I.D.A.L.G., a sextet, were scuzzy psych-rock excellence. Partner, the duo of Josée Caron and Lucy Niles, were a fun blend of power-pop and arena rock showmanship (Caron, in particular, was repeatedly atop a monitor, sporting Harry Potter glasses and wielding a double neck guitar.) Already tapped in Canada for bigger things, their anthems about Ellen Page and getting high, mixed with their between-song banter with an adoring crowd, made for one of the most enjoyable sets of the festival.

Having seen New Swears last year in an art space at the Megaphono closing party, I was wondering if — in a much bigger space — the band would be able to maintain the level of insanity and intensity I had witnessed almost a year ago.
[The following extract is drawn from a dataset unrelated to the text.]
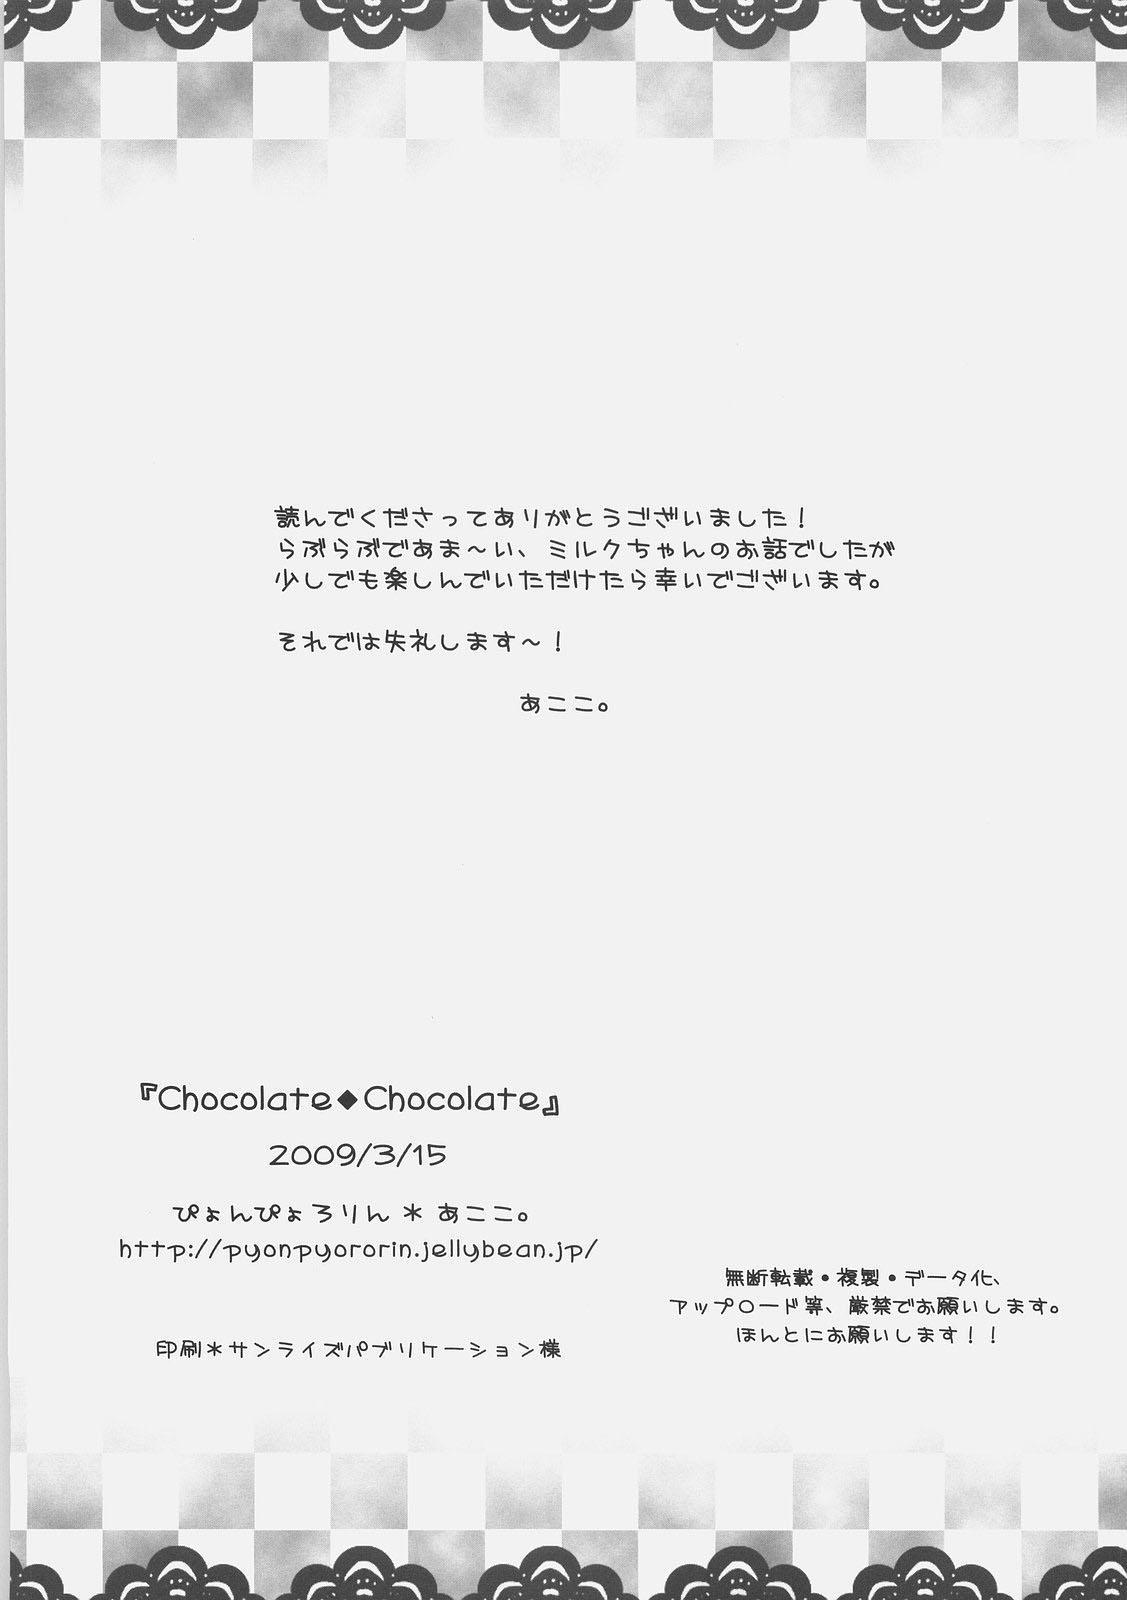 Chocolate-Chocolate 15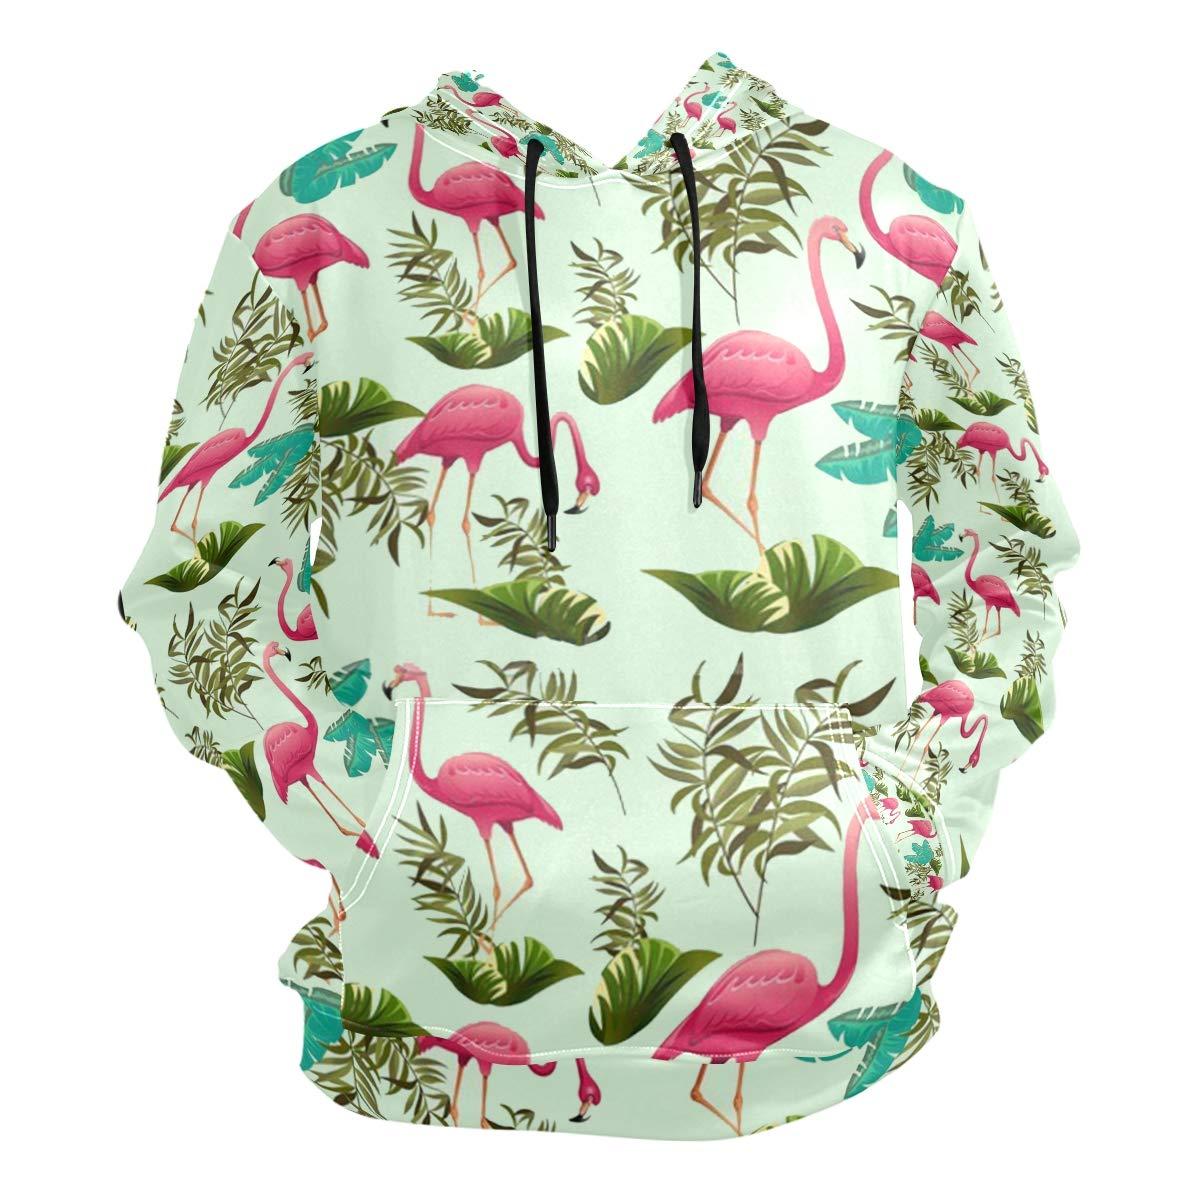 Large Charlley Lee Men's Hooded Sweatshirt Pink Flamingo Pattern Wallpaper Beautiful Fashion Hoodie

That wonder was whisked away in an opening salvo of silly string, shiny confetti, ferocious mosh pit and crowdsurfing; proper punk spectacle. All four members, clad in sunglasses, mugged and played to the crowd below them, not those further back and higher up the venue.

Later in the set, a Megaphono banner that had been standing innocently at the back of the stage all night was unceremoniously sacrificed to the crowd, which duly mangled it. The banner was followed instantly by another in a procession of stage divers, much to the dismay of the security guards, who ultimately gave up trying to shepherd people from the stage.

DAY 3 – February 3, 2017

Petra Glynt at Megaphono Festival 2017
Petra Glynt (photo by Dominick Mastrangelo)

The final day of Megaphono started over at Record Centre where I caught two excellent sets by melodic garage rockers Mushy Gushy, and Coastal Pigs.

The Bonsound showcase at House of Common followed, featuring soft-singing acts Beyries and Safia Nalin, which bookended the dancy electro-pop of Montreal’s Geoffroy.

Next, I dashed over to the Gallery Recording Studio to catch Claude Munson. Discovering Cedric Noel the day before was how I felt about discovering Munson at last year’s Megaphono. His otherwise winning set marred by an intermittent front-door alarm/bell that nobody could seem to disable.

A leisurely walk across the bridge — as ice-skaters commuted in the dark below via the frozen Rideau Canal — to the final stops of the night: Black Squirrel Books, its downstair space, PDA, and next door neighbor, House of TARG.

At Black Squirrel Books I caught the earnest indie-pop of Lonely Parade, and the quirky-fun, raucous punk of Bonnie Doon. Downstairs at PDA was Trails, Allie O’Manique’s beguiling vocals backed by slight, dreamy electric guitars.

To cap the evening, and the festival, it was over to House of TARG to catch Petra Glynt, the solo project of operatically-trained vocalist Alexandra Mackenzie. It was an energetic set as Mackenzie drummed and danced below a glittery disco ball and pinballs machines that line the inside of the venue, her deep enchanting voice soaring easily over backing beats and programmed blips.